■ DATA IN THIS EXERCISE:

=== Begin Enclosure ===

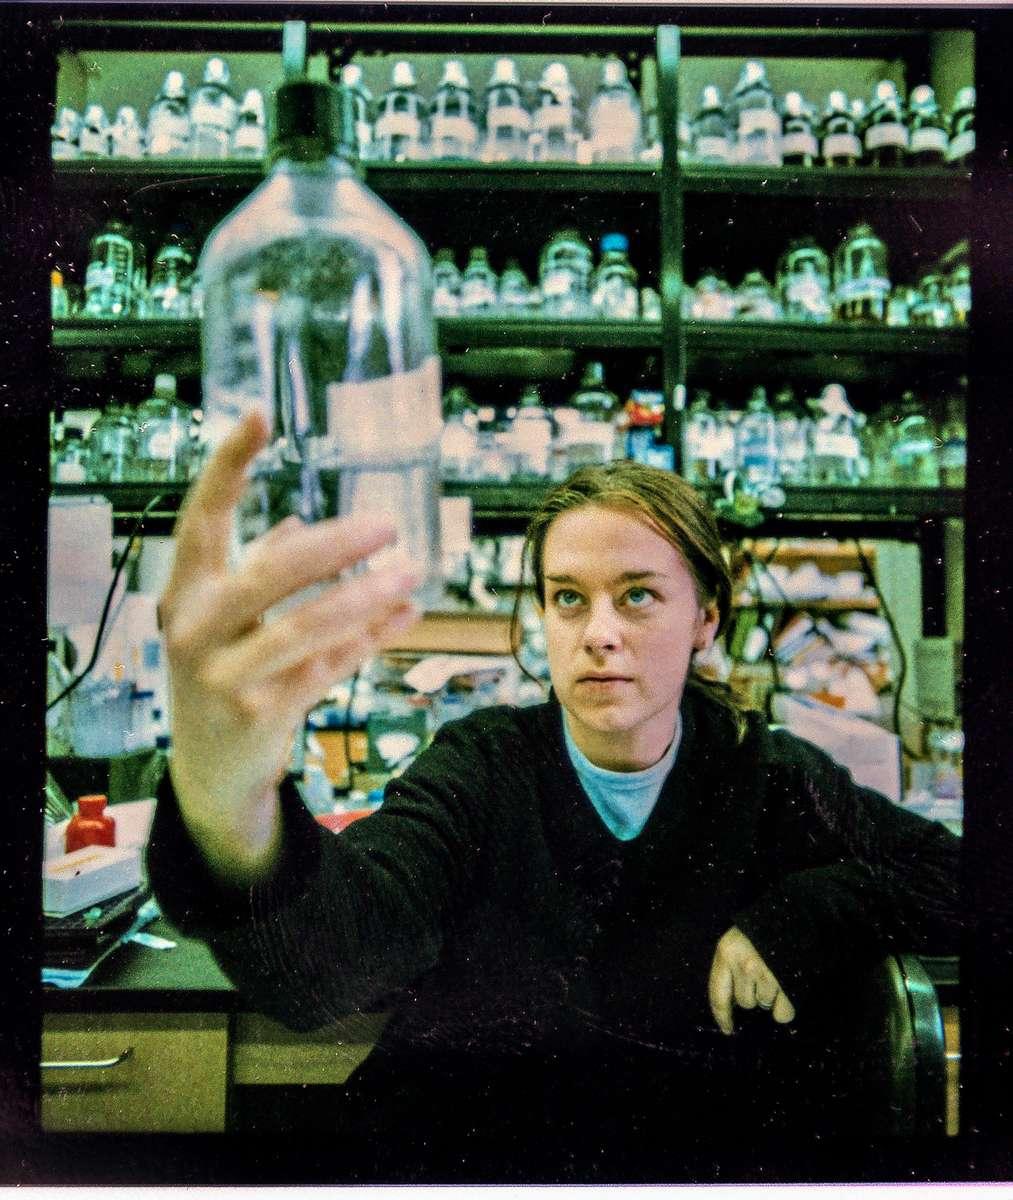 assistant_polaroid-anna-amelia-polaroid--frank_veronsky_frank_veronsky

=== End Enclosure ===
=== Begin Enclosure ===

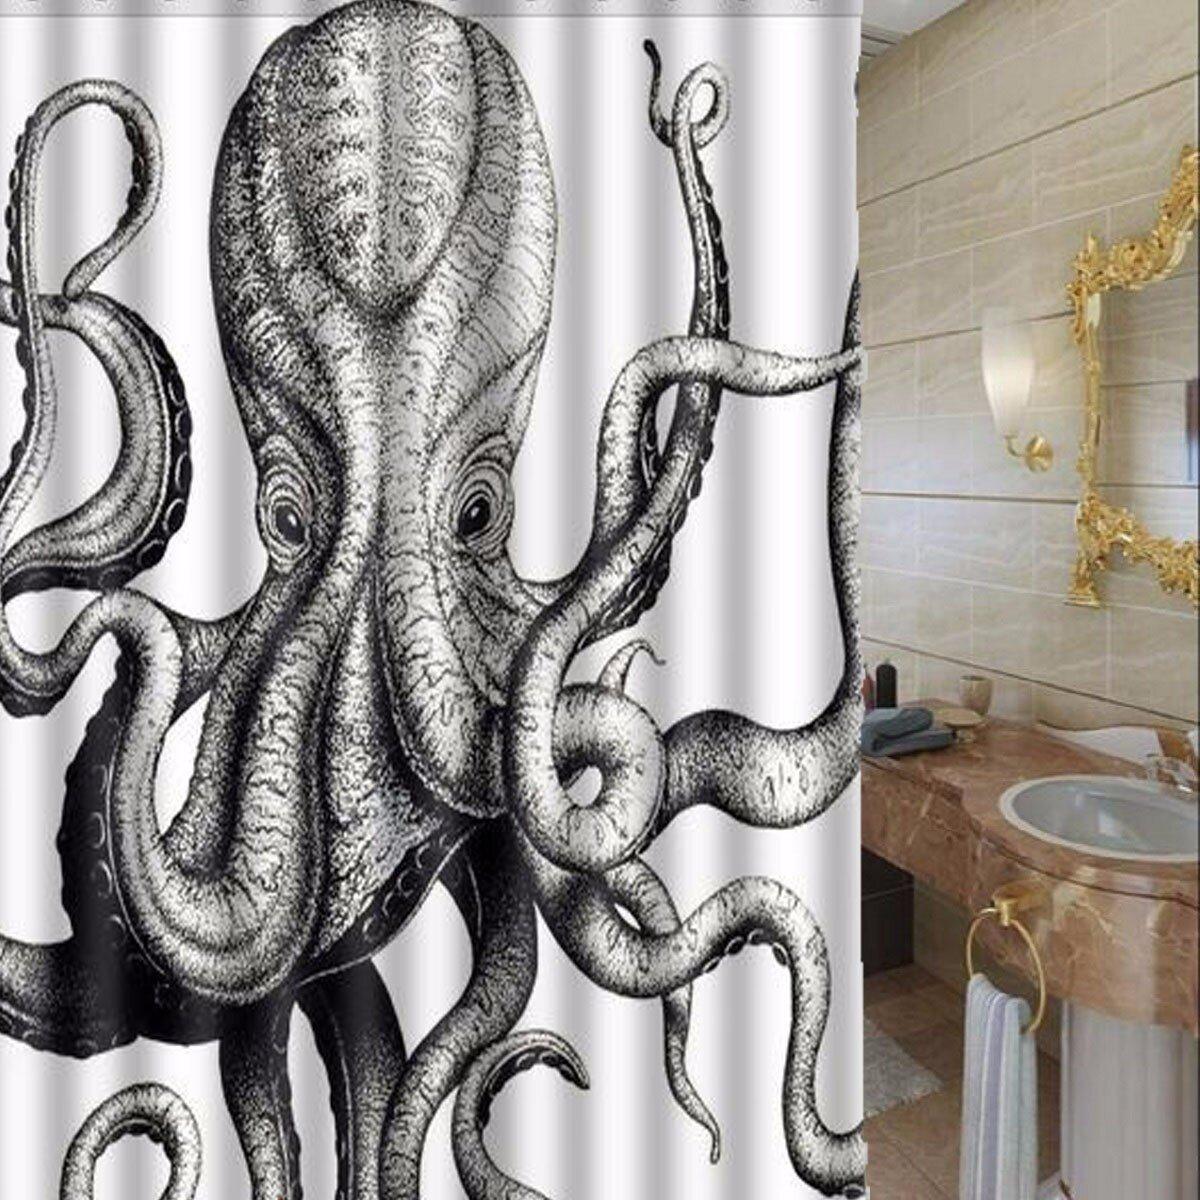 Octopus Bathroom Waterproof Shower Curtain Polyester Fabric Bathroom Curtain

=== End Enclosure ===
=== Begin Enclosure ===

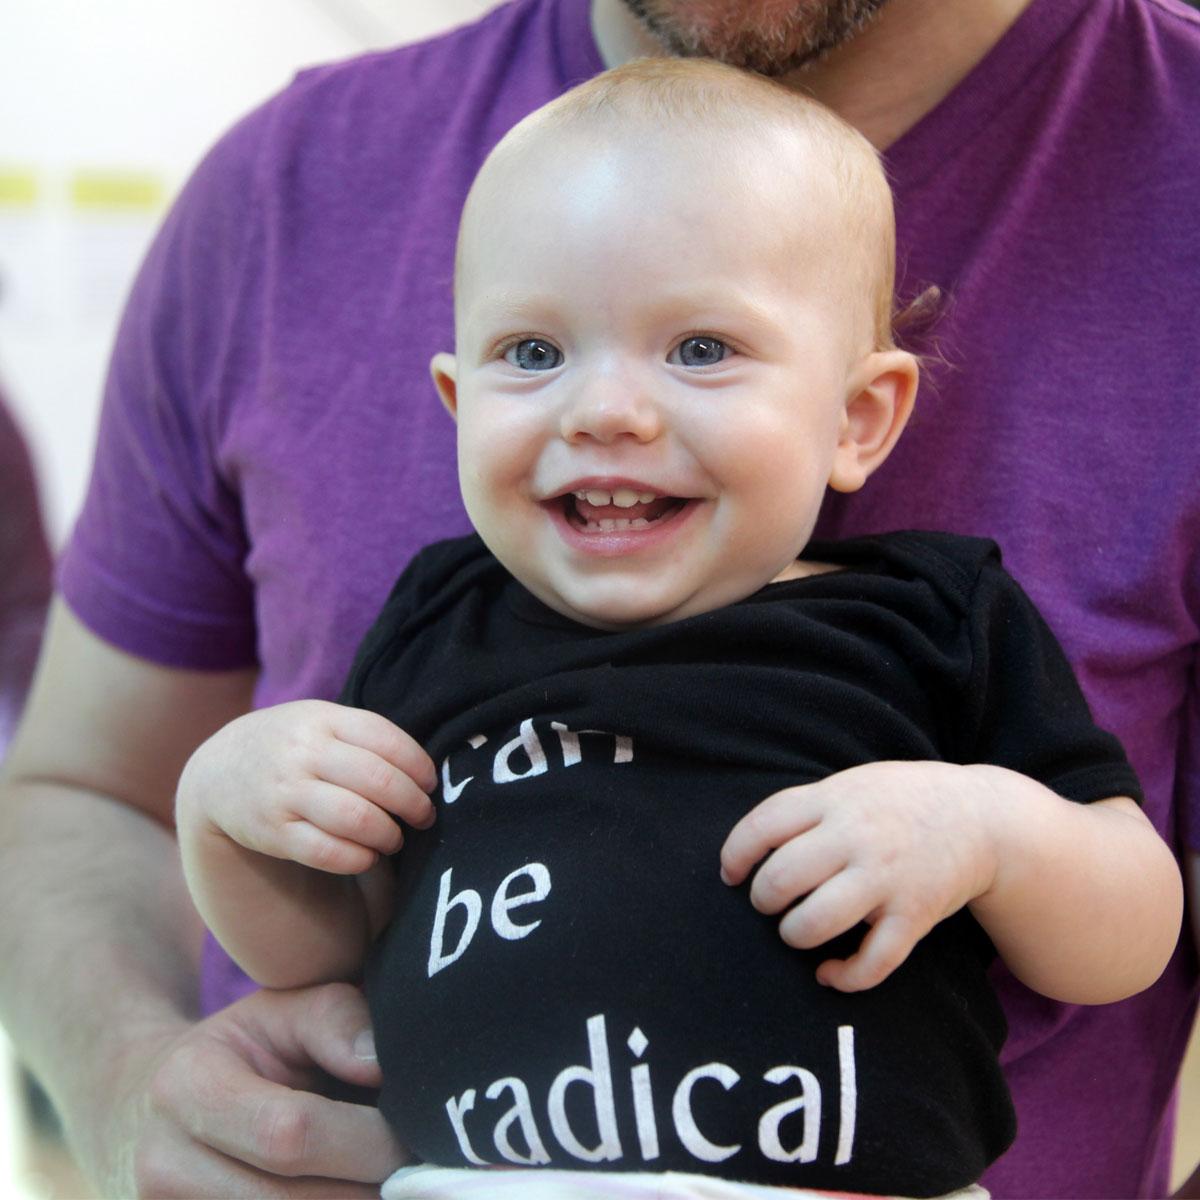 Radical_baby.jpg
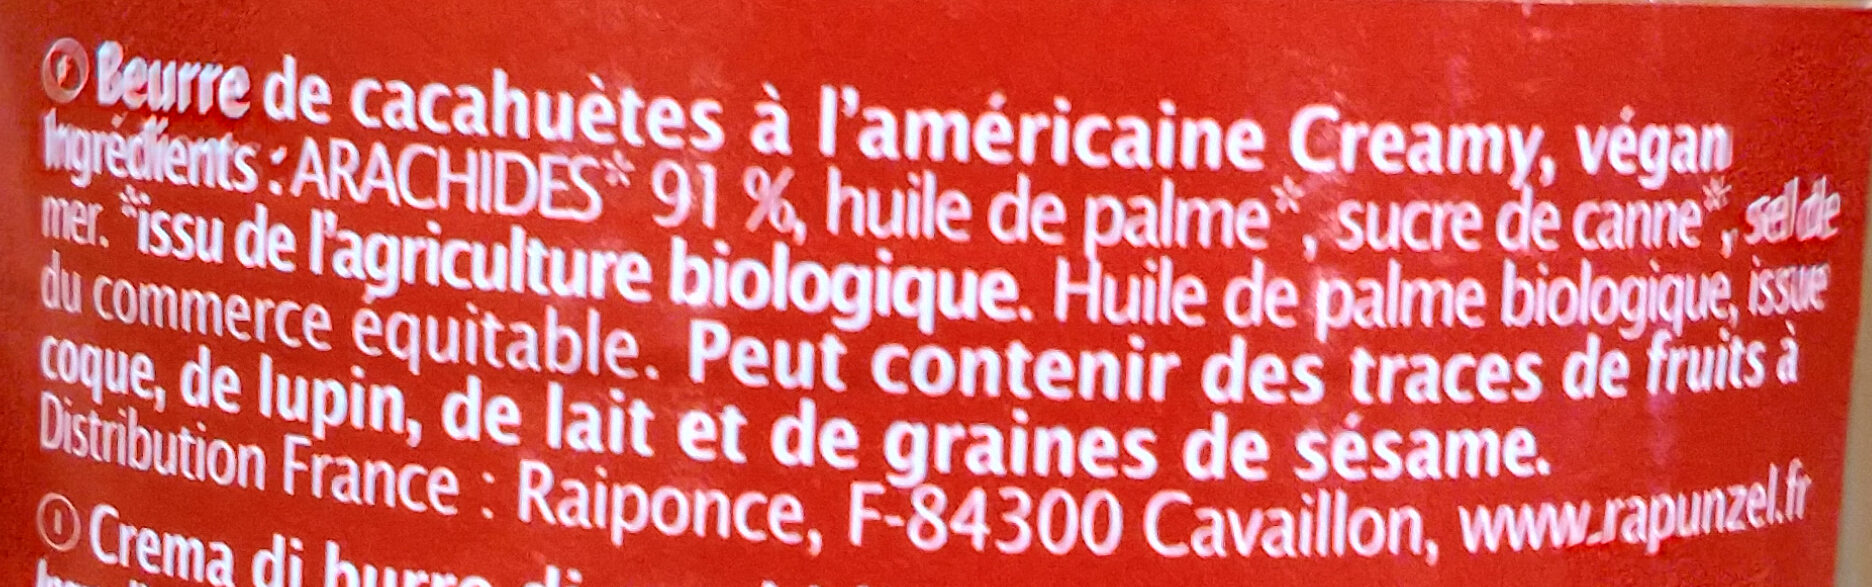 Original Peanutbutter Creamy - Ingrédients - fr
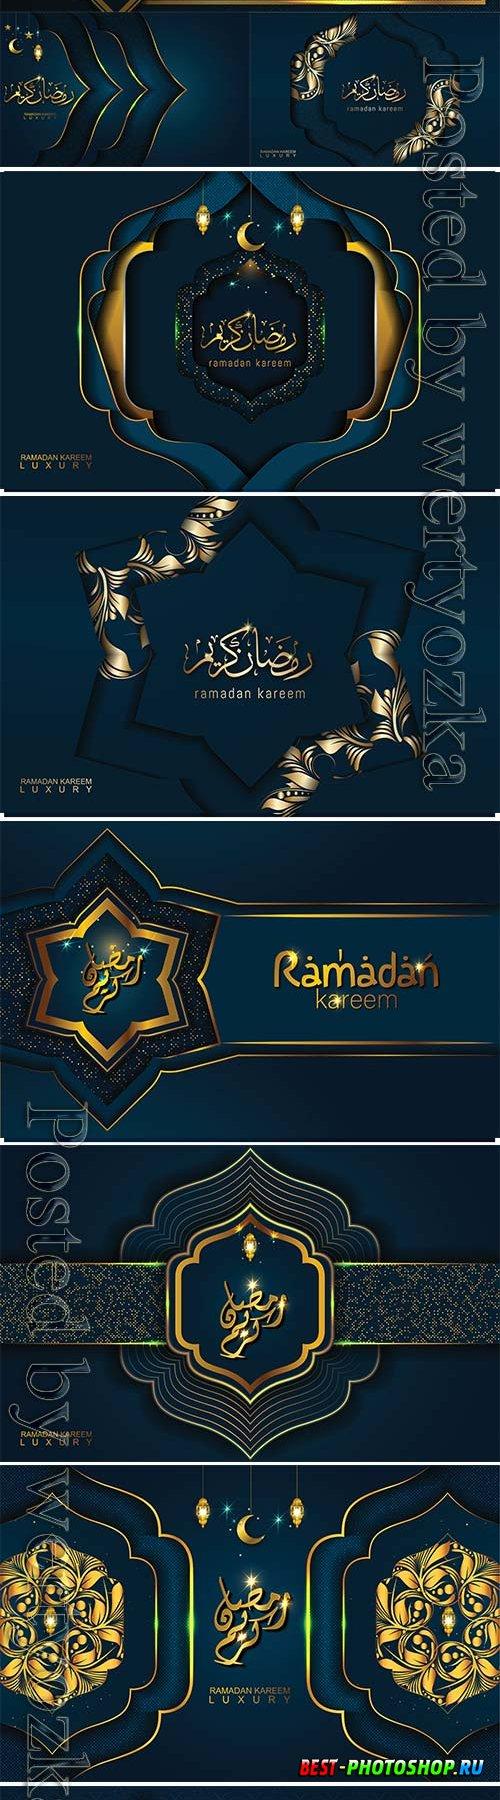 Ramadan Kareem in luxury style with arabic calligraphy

=== End Enclosure ===

From the listing above, please give again the lines that begin with the line holding "Original Peanutbutter Creamy" and go on through the line holding "Ramadan Kareem in", exactly, both ends included, minus any picture.

 Original Peanutbutter Creamy - Ingrédients - fr
 Ramadan Kareem in luxury style with arabic calligraphy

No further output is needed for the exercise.